# Mosquito Lake Hot Spots



## CAUSEWAYCREW (Apr 15, 2004)

*MOSQUITO LAKE HOT SPOTS* 
I HAVE HAD SO MANY CALLS ASKING FOR DIRECTIONS TO CERTAIN SPOTS, I DECIDED TO MAKE UP A MAP OF SOME OF THE HOT SPOTS WHERE THEY USUALLY ICE FISH.
I WENT TO GOOGLE AND THEN MARKED DOWN 8 DIFFERENT SPOTS. IF DOING THIS IS AGAINST THE LAW -SOMEBODY PLEASE DELETE THIS POST. HOPE THIS HELPS YOU GUYS. I WILL MAKE A BETTER COPY LATER. LINDA


----------



## JIG (Nov 2, 2004)

Another sticky! Hope to see ya tommorrow.


----------



## pymybob (May 28, 2004)

Thanks Linda.
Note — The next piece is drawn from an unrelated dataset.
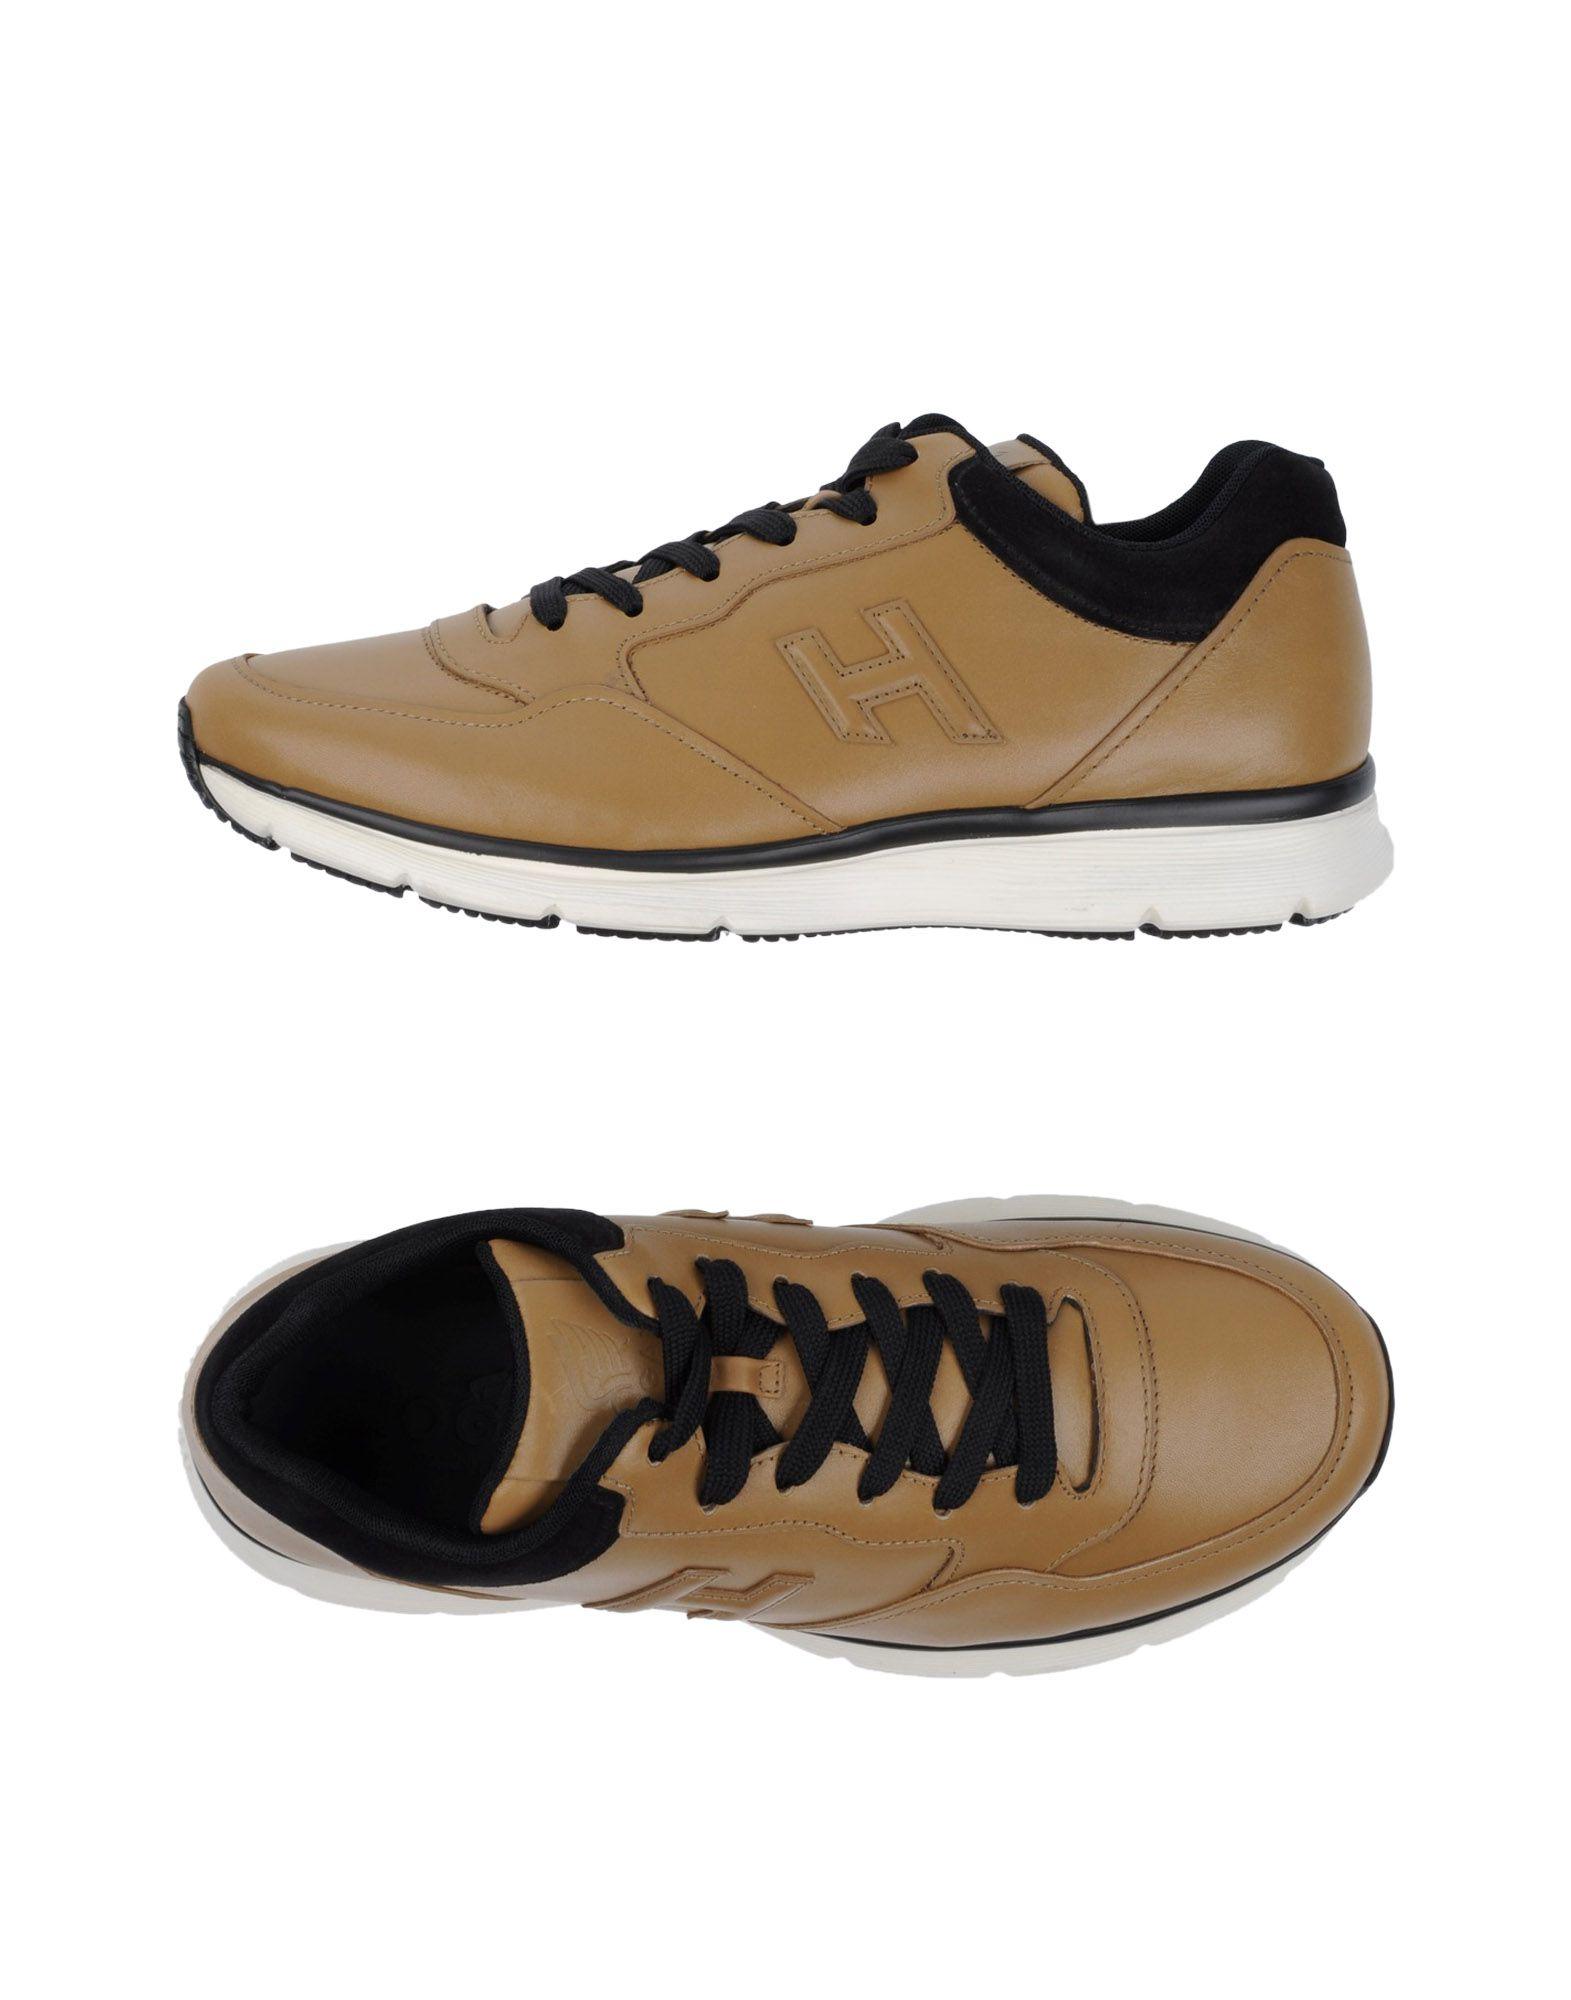 Hogan Sneakers Herren  11299244FF Gute Qualität beliebte Schuhe

This will come in handy!


----------



## Dixie Chicken (Nov 12, 2004)

Thanks
See you Saturday.
DC


----------



## heyjay (Mar 22, 2005)

Thanks Linda .


----------



## Dixie Chicken (Nov 12, 2004)

Any catching reports?
DC


----------